The control device 392 is electrically connected to the machine learning chip 389. The control device 392 is used to monitor the state of the machine learning chip 389. Specifically, the machine learning chip 389 and the control device 392 may be electrically connected through an SPI interface. The control device 392 may include a microcontroller (Micro Controller Unit, MCU). For example, the machine learning chip 389 may include multiple processing chips, multiple processing cores, or multiple processing circuits, and may drive multiple loads. Therefore, the machine learning chip 389 can be in different working states such as multiple loads and light loads. The control device can realize the regulation of the working states of multiple processing chips, multiple processes and / or multiple processing circuits in the machine learning chip.

The present disclosure provides an electronic device including the aforementioned machine learning chip or board.

Electronic equipment can include data processing devices, robots, computers, printers, scanners, tablet computers, smart terminals, mobile phones, driving recorders, navigators, sensors, cameras, servers, cloud servers, cameras, cameras, projectors, watches, Earphones, mobile storage, wearable devices, vehicles, household appliances, and / or medical devices.

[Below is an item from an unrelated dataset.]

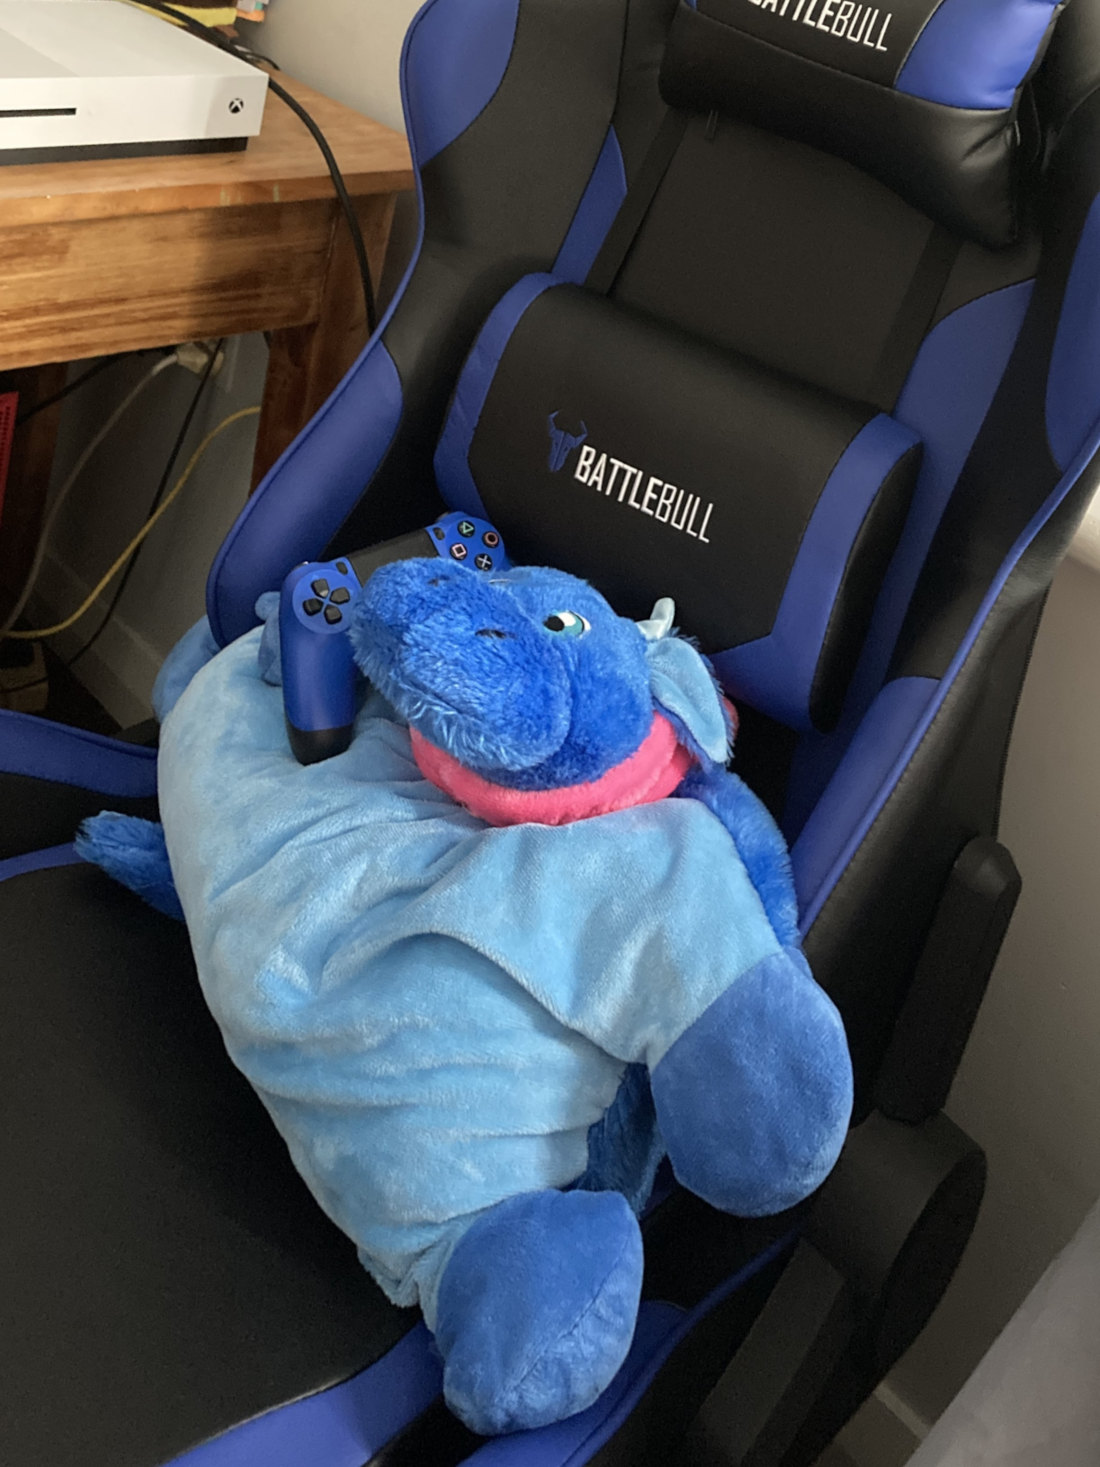 Blue dragon plushy sitting in blue chair holding blue controller

Vehicles may include airplanes, ships, and / or vehicles. Household appliances may include TVs, air conditioners, microwave ovens, refrigerators, rice cookers, humidifiers, washing machines, electric lights, gas stoves, and range hoods. The medical equipment may include a nuclear magnetic resonance apparatus, a B-mode ultrasound apparatus, and / or an electrocardiograph.

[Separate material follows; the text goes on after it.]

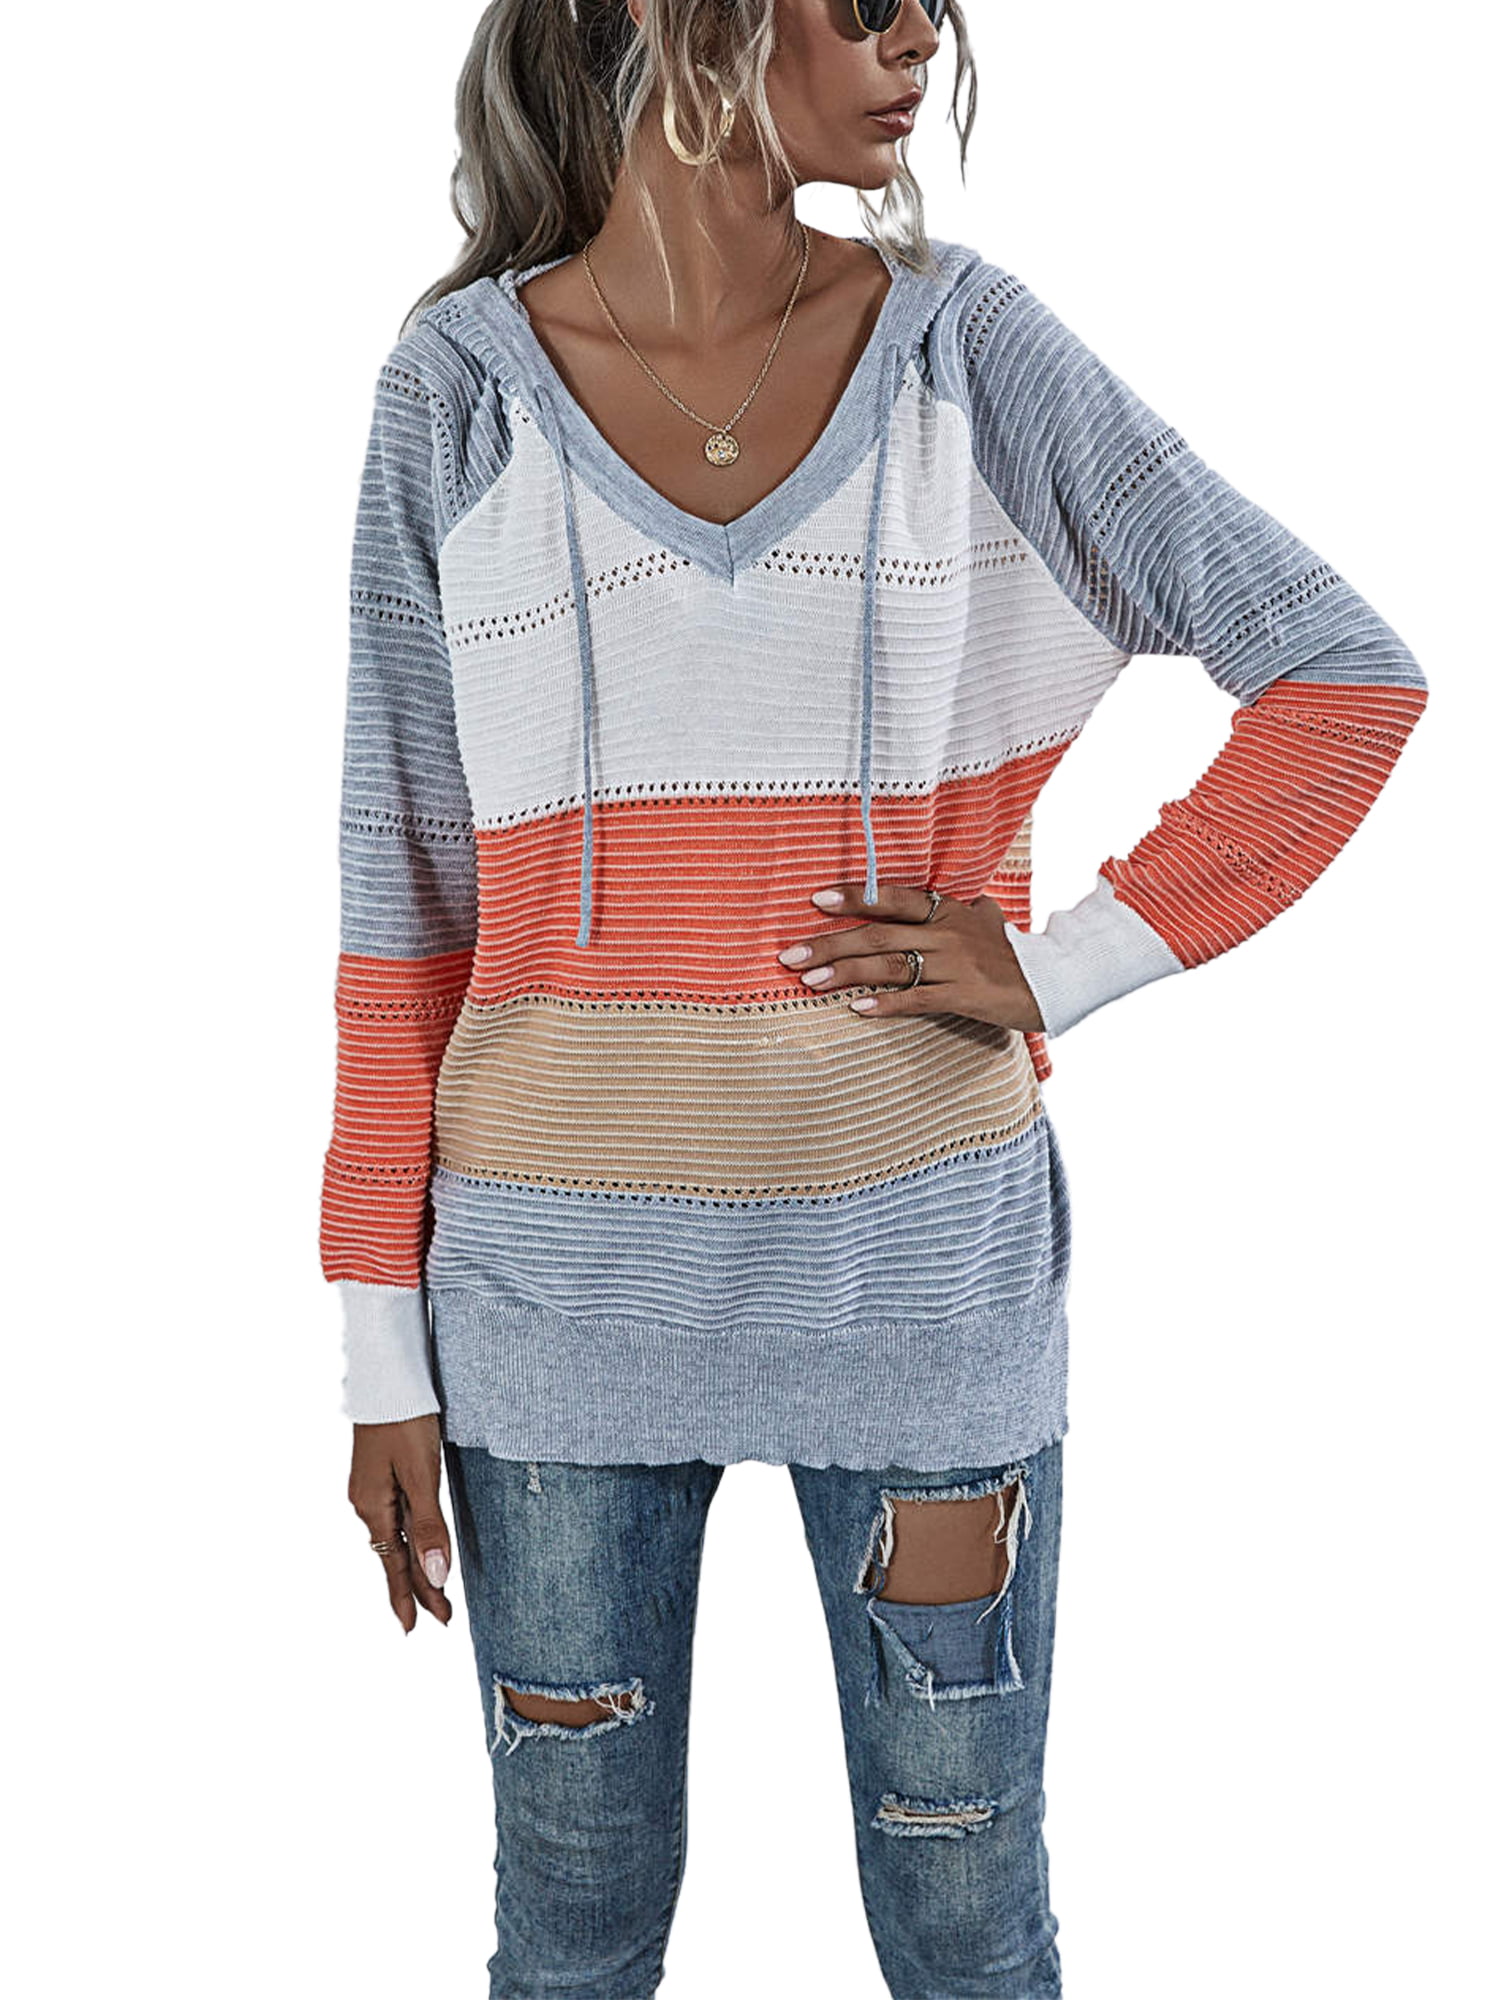 Casual Knitted Striped Hoodies Sweatshirt For Women Long Sleeve ...

It should be noted that, for the sake of simple description, the foregoing method embodiments are all expressed as a series of action combinations, but those skilled in the art should know that the present disclosure is not limited by the sequence of actions described. Because according to the present disclosure, certain steps may be performed in other orders or simultaneously. Secondly, those skilled in the art should also know that the embodiments described in the specification are all optional embodiments, and the involved actions and modules are not necessarily required by the present disclosure.

It should be further noted that although the steps in the flowcharts of FIG. 4 and FIG. 7 are displayed in order according to the arrows, the steps are not necessarily executed in the order indicated by the arrows. Unless clearly stated in this article, the execution of these steps is not strictly limited in order, and these steps can be executed in other orders. Moreover, at least some of the steps in FIGS. 4 and 7 may include multiple sub-steps or multiple stages. These sub-steps or stages are not necessarily executed at the same time, but may be executed at different times. The execution order of the stages is not necessarily sequential, but may be executed in turn or alternately with other steps or sub-steps of the other steps or at least a part of the stages.

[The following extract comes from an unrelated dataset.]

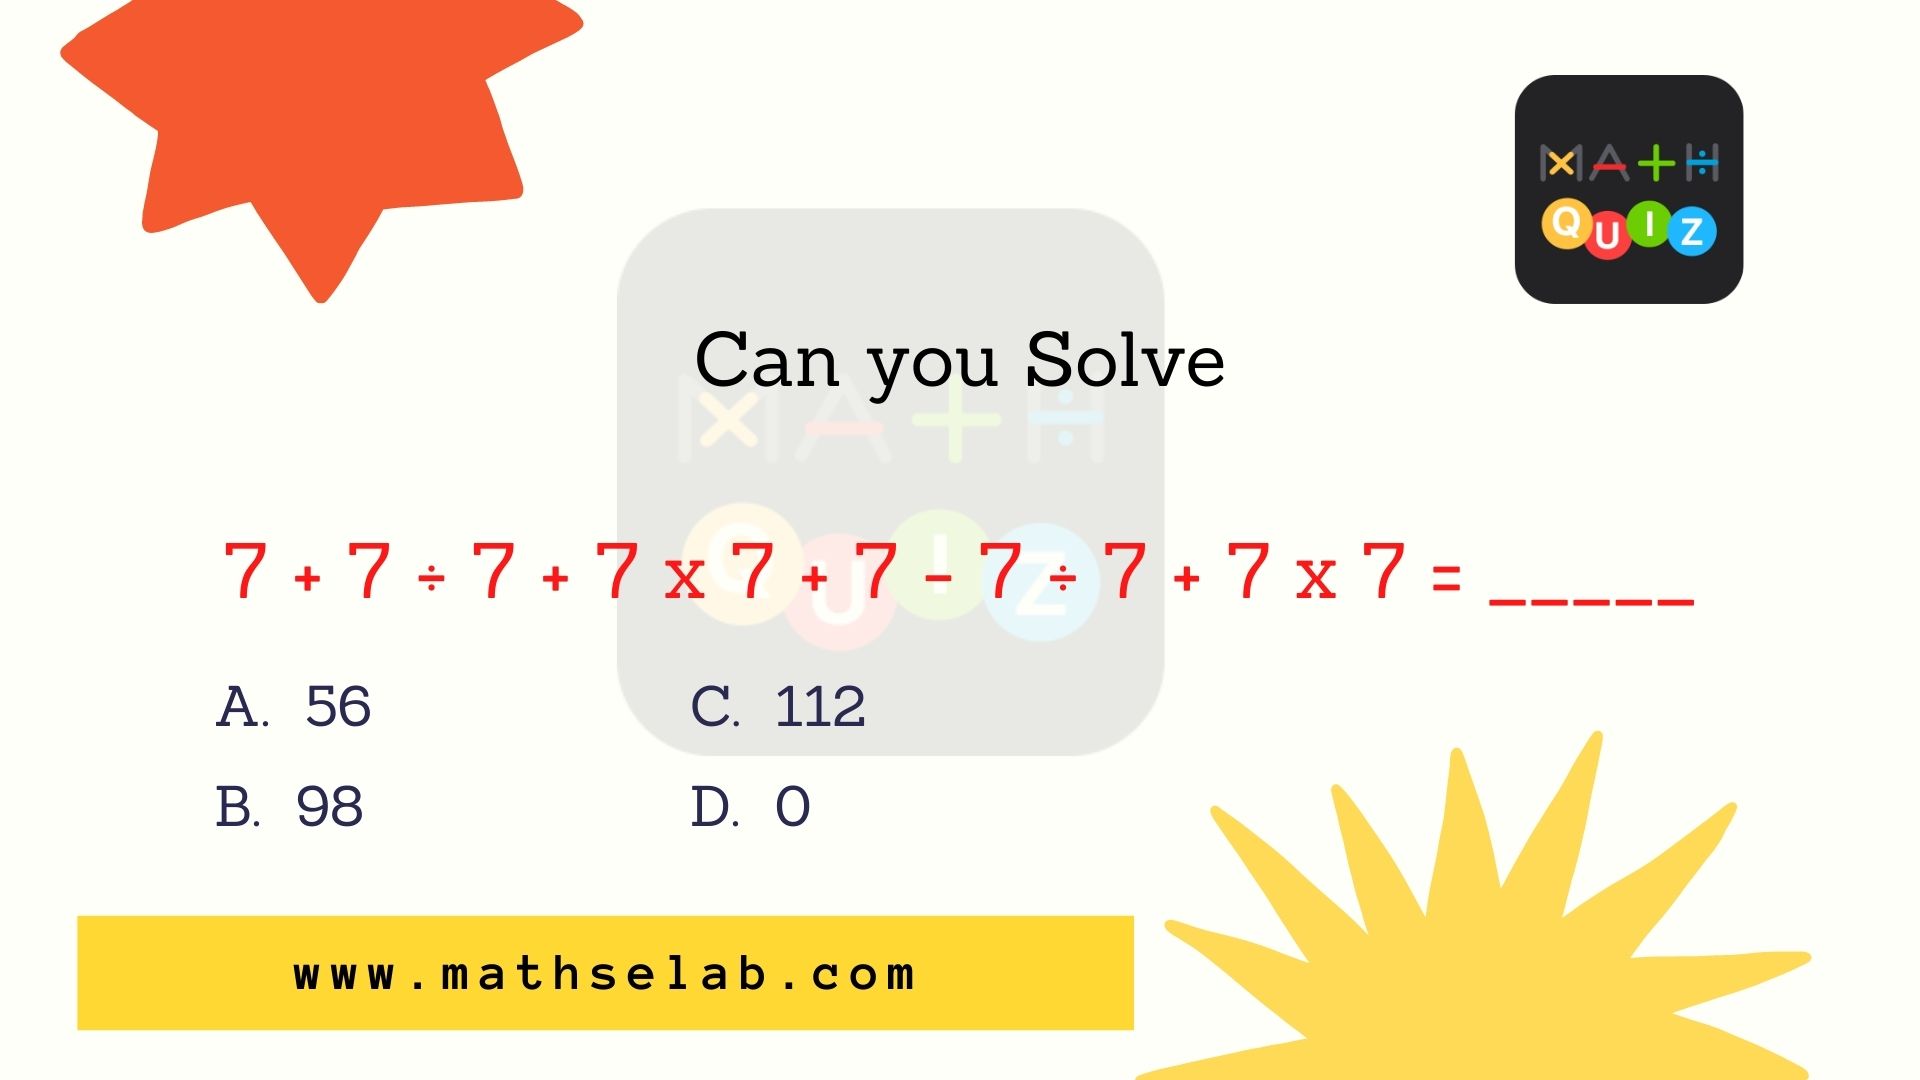 Can you Solve 7 + 7 ÷ 7 + 7 x 7 + 7 − 7 ÷ 7 + 7 x 7 = ? - mathselab.com

It should be understood that the above device embodiments are only schematic, and the device of the present disclosure may also be implemented in other ways. For example, the division of the units / modules in the above embodiments is only a division of logical functions, and there may be other divisions in actual implementation. For example, multiple units, modules, or components may be combined, or may be integrated into another system, or some features may be ignored or not implemented.

In addition, unless otherwise specified, each functional unit / module in each embodiment of the present disclosure may be integrated into one unit / module, or each unit / module may exist alone physically, or two or more units / The modules are integrated together. The above integrated units / modules may be implemented in the form of hardware or software program modules.

If the integrated unit / module is implemented in the form of hardware, the hardware may be a digital circuit, an analog circuit, or the like. The physical implementation of the hardware structure includes but is not limited to transistors, memristors, and so on. Unless otherwise specified, the artificial intelligence processor may be any suitable hardware processor, such as CPU, GPU, FPGA, DSP, ASIC, and so on. Unless otherwise specified, the storage unit may be any suitable magnetic storage medium or magneto-optical storage medium, such as RRAM (Resistive Random Access Memory), DRAM (Dynamic Random Access Memory), Static random access memory SRAM (Static Random-Access Memory), enhanced dynamic random access memory EDRAM (Enhanced Dynamic Random Access Memory), high-bandwidth memory HBM (High-Bandwidth Memory), hybrid storage cube HMC (Hybrid Memory Memory Cube), etc. Wait.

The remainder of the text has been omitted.